After several hit-and-run accidents, including one on Sept. 12, 2012, that left a woman hospitalized, a traffic signal is set to be installed at the intersection of Reseda Boulevard and Dearborn Street.
Los Angeles City Councilman Mitchell Englander said a contractor is being selected to install the signal at the intersection.
According to the LAPD, 42 collisions involving pedestrians have been reported at the intersection in the past five years.
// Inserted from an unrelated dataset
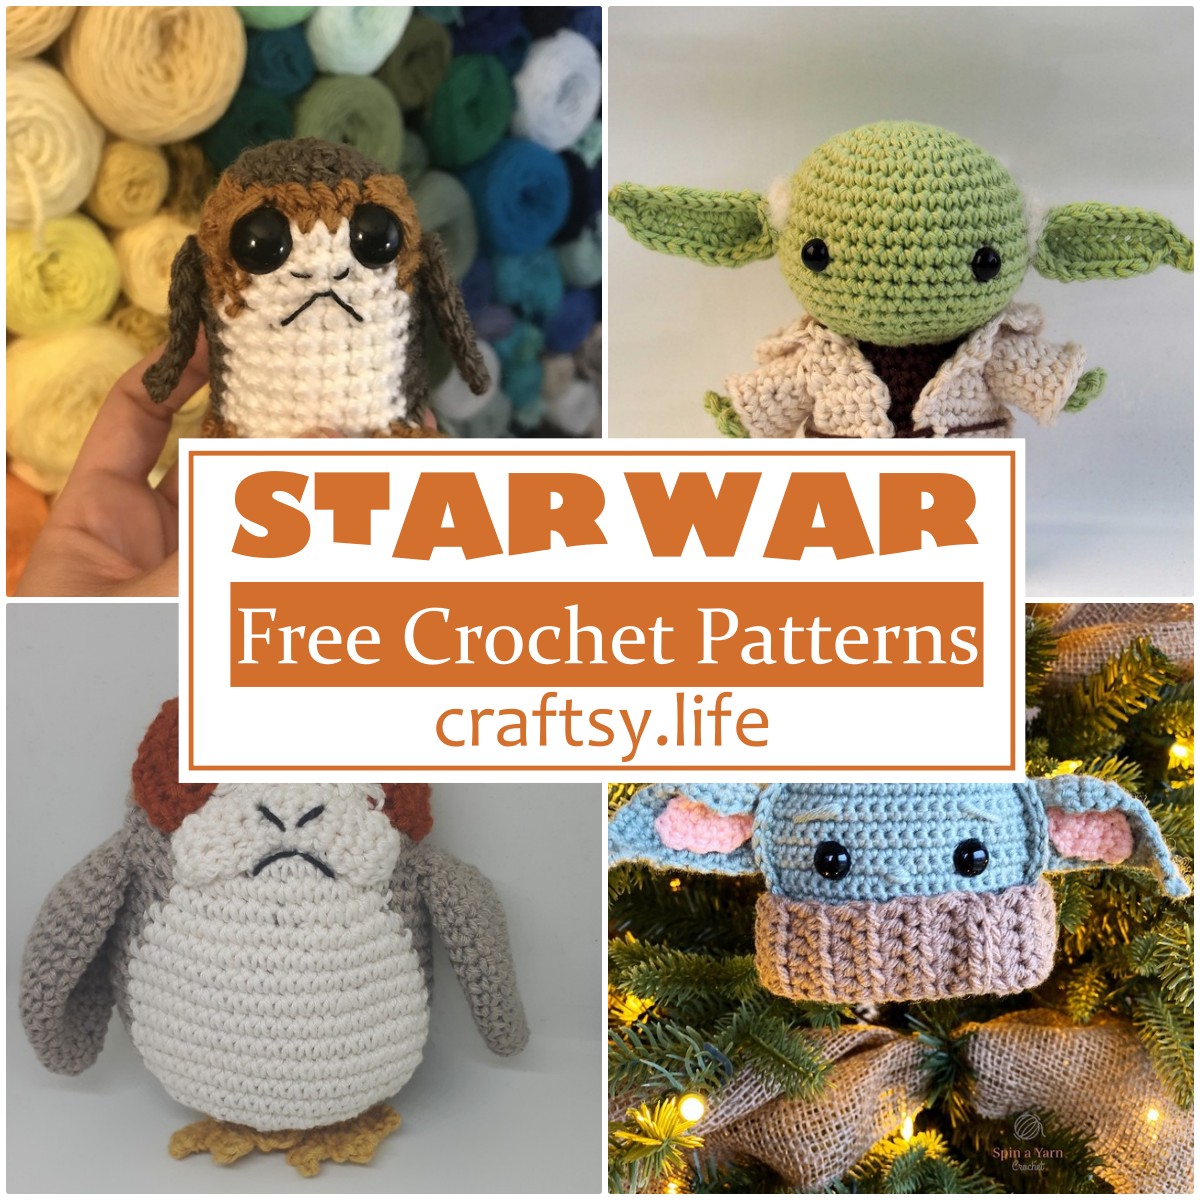 Free Crochet Star War Patterns

Of those 42 collisions, 19 were hit-and-run incidents.
Within the past two years, there have been 10 misdemeanor hit-and-runs with minimal injury, two felony hit-and-runs and one felony DUI.
“The entire corridor of Reseda Boulevard, near CSUN has very heavy car, pedestrian and bicycle traffic,” Englander said. “So traffic safety has always been a serious concern for us, LAPD, CSUN students and faculty and the surrounding community.”
Students said they take extra precautions when crossing the street at the intersection.
“Sometimes it makes me nervous to cross the street,” said Nancy Caballero, 19, freshman marine biology major. “You have to wait until it’s red (at Nordhoff) and red (at Prairie) to cross.”
Englander, who represents the 12th District which includes Northridge, said the community has been concerned about the intersection for a while.
“Our office pushed to have a signal installed at this location because we have known for many years that it is dangerous, and we have known about every one of the pedestrian collisions,” Englander said.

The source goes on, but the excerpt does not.